オープンソースソフトウェア企業Canonicalのプロダクトディレクター、ステファン・ファベル氏もこの見解を支持している。同氏は、マルチクラウドの導入管理に伴う複雑さにより、一部の企業がマルチクラウドの導入を躊躇する可能性があると述べた。

「企業がマルチクラウドの導入をためらう主な理由は、複数のベンダーのクラウド プラットフォームとサービスを導入することの複雑さであり、特に生産性やイノベーションを妨げない方法でそれらを統合するとなると複雑です」と Fabel 氏は述べています。

エンドユーザーからの関心が高まっているにもかかわらず、マルチクラウドはパブリッククラウドのすべてのプレーヤーが同意する展開モデルではないのが現実です。

あるクラウド プラットフォームを導入する企業が他のクラウド プラットフォームも導入するという現象については多くの議論がなされてきましたが、これらの企業はパフォーマンスと弾力性の向上、または運用コストの削減を目的としてそうしています。

AWS の場合、マルチクラウドの導入によって、ビジネス全体を単一のクラウドで実行していると宣言する顧客が増えているわけではありません。 Microsoft も同様の道をたどっているようで、マルチクラウドの採用は一部の企業にとっては比較的短命な戦略になる可能性があると主張しています。

「時間が経つにつれて、顧客は大手クラウド コンピューティング プロバイダーを採用して選択し、そのサービスとエコシステムを活用するためにそのプロバイダーに固執するようになるだろうと私たちは考えています。

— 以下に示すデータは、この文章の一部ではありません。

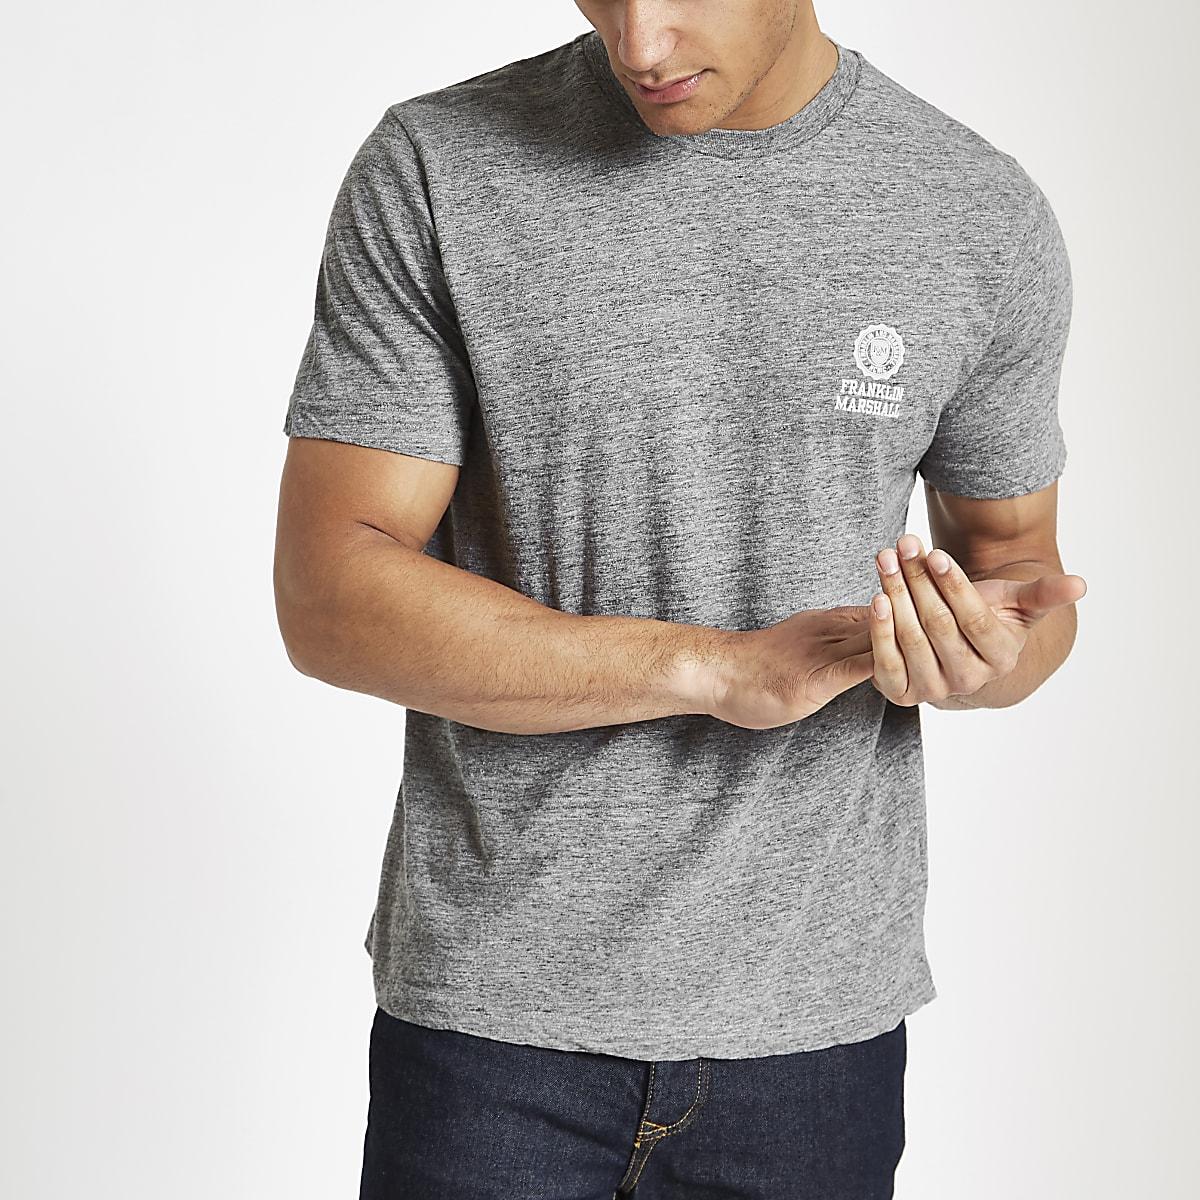 Franklin & Marshall – T-shirt gris à logo sur la poitrine

これは、クラウド プラットフォーム アズ ア サービス (PaaS)、ファンクション アズ ア サービス (FaaS)、ソフトウェア アズ ア サービス (SaaS) を活用するためにアプリケーションが最新化または再設計される場合に特に当てはまります」と、Microsoft のクロスドメイン ソリューション アーキテクトである John M Clark 氏はブログ投稿に書いています。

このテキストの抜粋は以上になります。